‘Undercover Brother 2’ Review
Stars: Vince Swann, Barry Bostwick, Michael Jai White, Laila Odom, Jeff Daniel Phillips, Lindsay Lamb, Melanie Loren, Gary Owen, Affion Crockett, Brandon Hirsch, Tyler Crumley, Zac Zedalis, Steven Lee Johnson | Written by Ian Edwards, Stephen Mazur | Directed by Leslie Small
Universal 1440 Entertainment, Universal’s direct to DVD production arm, mine old film franchises once again for a sequel to the Eddie Griffin 2002 blaxploitation comedy Undercover Brother… and you thought a sequel to Benchwarmers was unexpected! Though given we’ve already had new sequels to Kindergarten Cop, Daddy Day Care, the aforementioned Benchwarmers, Cop and a Half, Honey, Bring it On and – get this – even Backdraft; a sequel to Undercover Brother, something of a minor hit back in the day, isn’t that much a surprise. Hell, it beats getting yet ANOTHER sequel to The Scorpion King!
This time round Michael Jai White (Spawn, Mortal Kombat) stars as the titular brother and Vince Swann (50 Central) as his less-than-cool younger brother, Lionel. Way back in 2003, after the events of the first movie, the brothers were hot on the heels of The Man – the leader of a racist, worldwide syndicate known as The Organization – but accidentally got caught in an avalanche, frozen in time a lal Captain America. Sixteen years later they are discovered, thawed out, and as Undercover Brother remains in a coma, undercover brother’s brother (actually the original title for this film) Lionel sets out to finish the job they started. With the help of The Brotherhood, an old foe, and an ethereal vision of Undercover Brother guiding him along the way, Lionel must take on an even more dangerous threat to the black community and the world extreme “wokeness”!
Unsurprisingly, Undercover Brother 2 comes from the pen of Benchwarmers 2 scribe Stephen Mazur (who else would think to dig up another comedy franchise than the man who wrote that film?); who worked alongside Ian Edwards – a screenwriter who has experience in blaxploitation spoofs having written an episode of Black Dynamite, which also starred Michael Jai White. How things come full circle… Combine those two with the talents of director Leslie Small, who has directed a TON of comedy specials for the likes of Kevin Hart, and you’d expect Undercover Brother 2 to be comedy gold.
It’s not.
Though it’s not all bad… In fact if your a fan of the ridiculous comedies of Rob Schneider you might just get a kick out of Undercover Brother 2 – for this film feels very much the same kind of over the top, absurd comedy Schneider makes; right down to the over-egged characterisations, ludicrous situations and goofy, some might say childish, humour.

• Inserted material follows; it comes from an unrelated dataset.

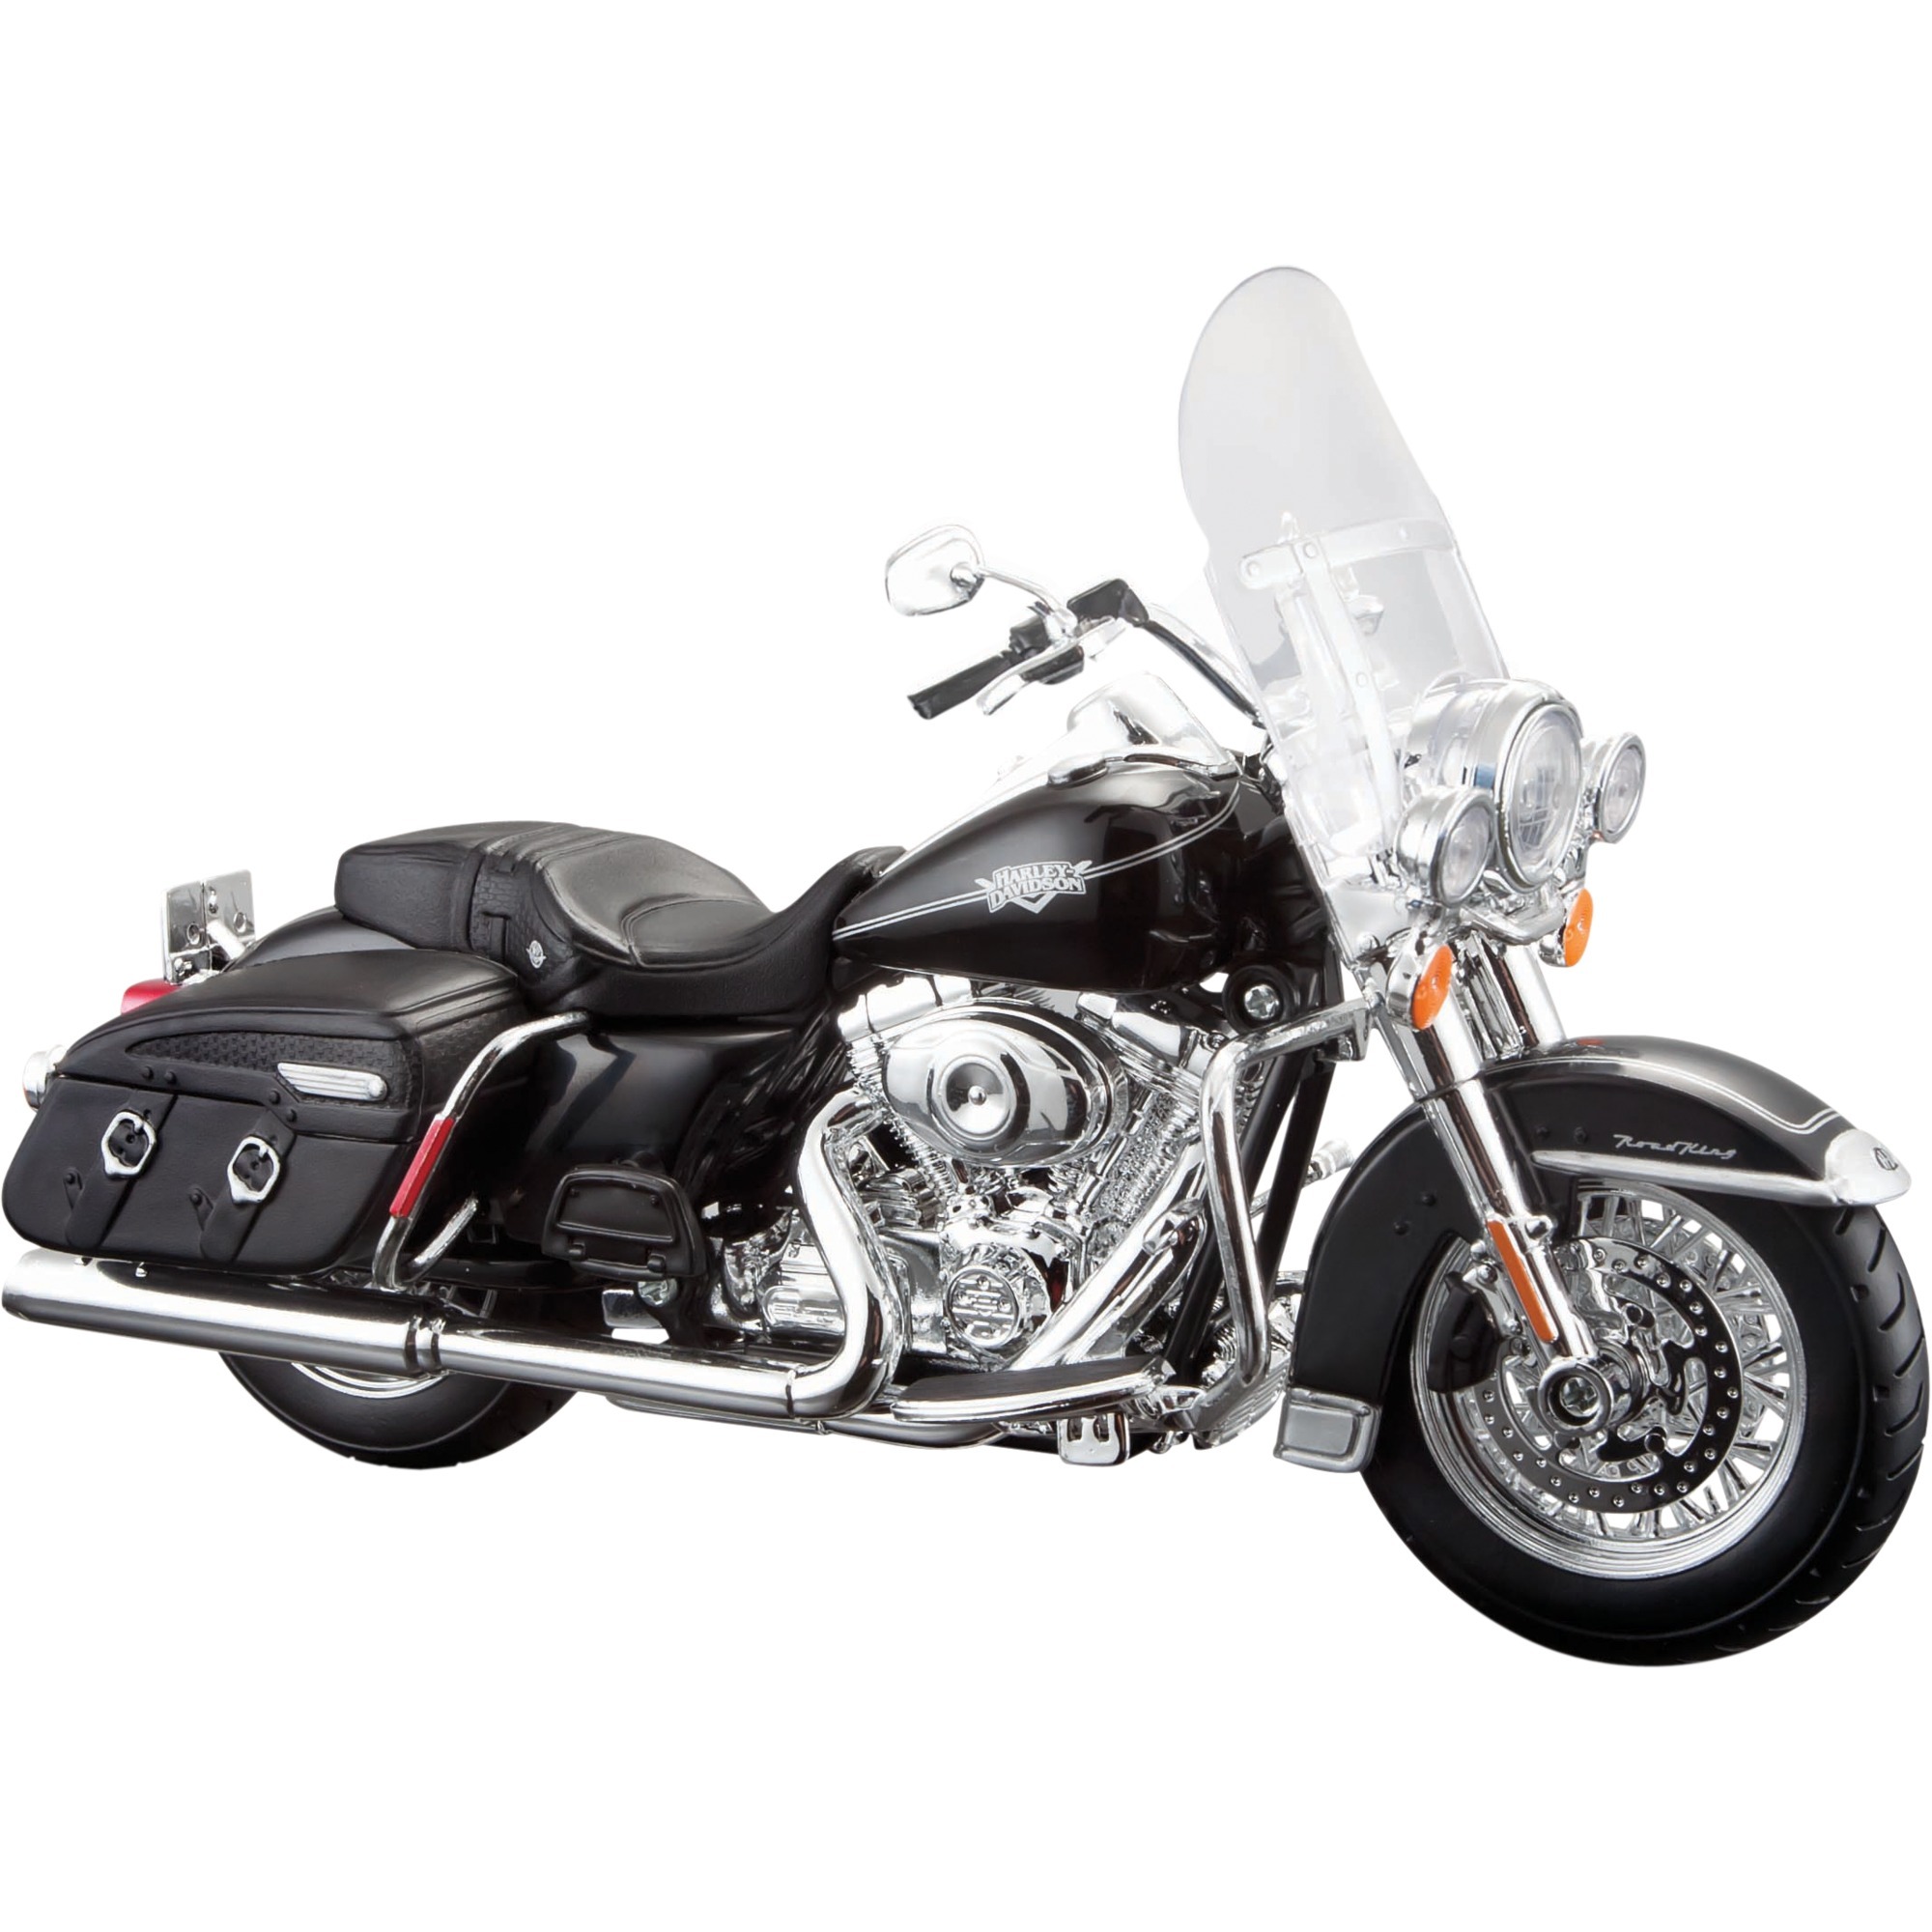 Image of Alternate - Harley-Davidson FLHRC Road King Classic 2013, Modellfahrzeug online einkaufen bei Alternate

And as such I enjoyed the film immensely. Yes it’s stupid, yes it’s a completely unnecessary sequel but I’ll be damned if Vince Swann’s performance wasn’t incredibly charismatic and simply fun. As as for Michael Jai White as undercover brother himself, well if you’ve seen Black Dynamite you know White can do funny and he REALLY does funny here; in fact I’d goes as far as saying I enjoyed his interpretation of the character a lot more than original star Eddie Griffin!
You often hear people say films sometimes can just be pure mindless fun and that’s EXACTLY what this film is. If you liked the original, or Michael Jai White’s Black Dynamite for that matter, you’ll surely get a kick out of Undercover Brother 2.
I was a huge fan of the first Undercover Brother and was hoping for a sequel all of these years. What I got was… this. I lasted 15 min with the sequel and couldn’t watch any more. They really should have left it alone.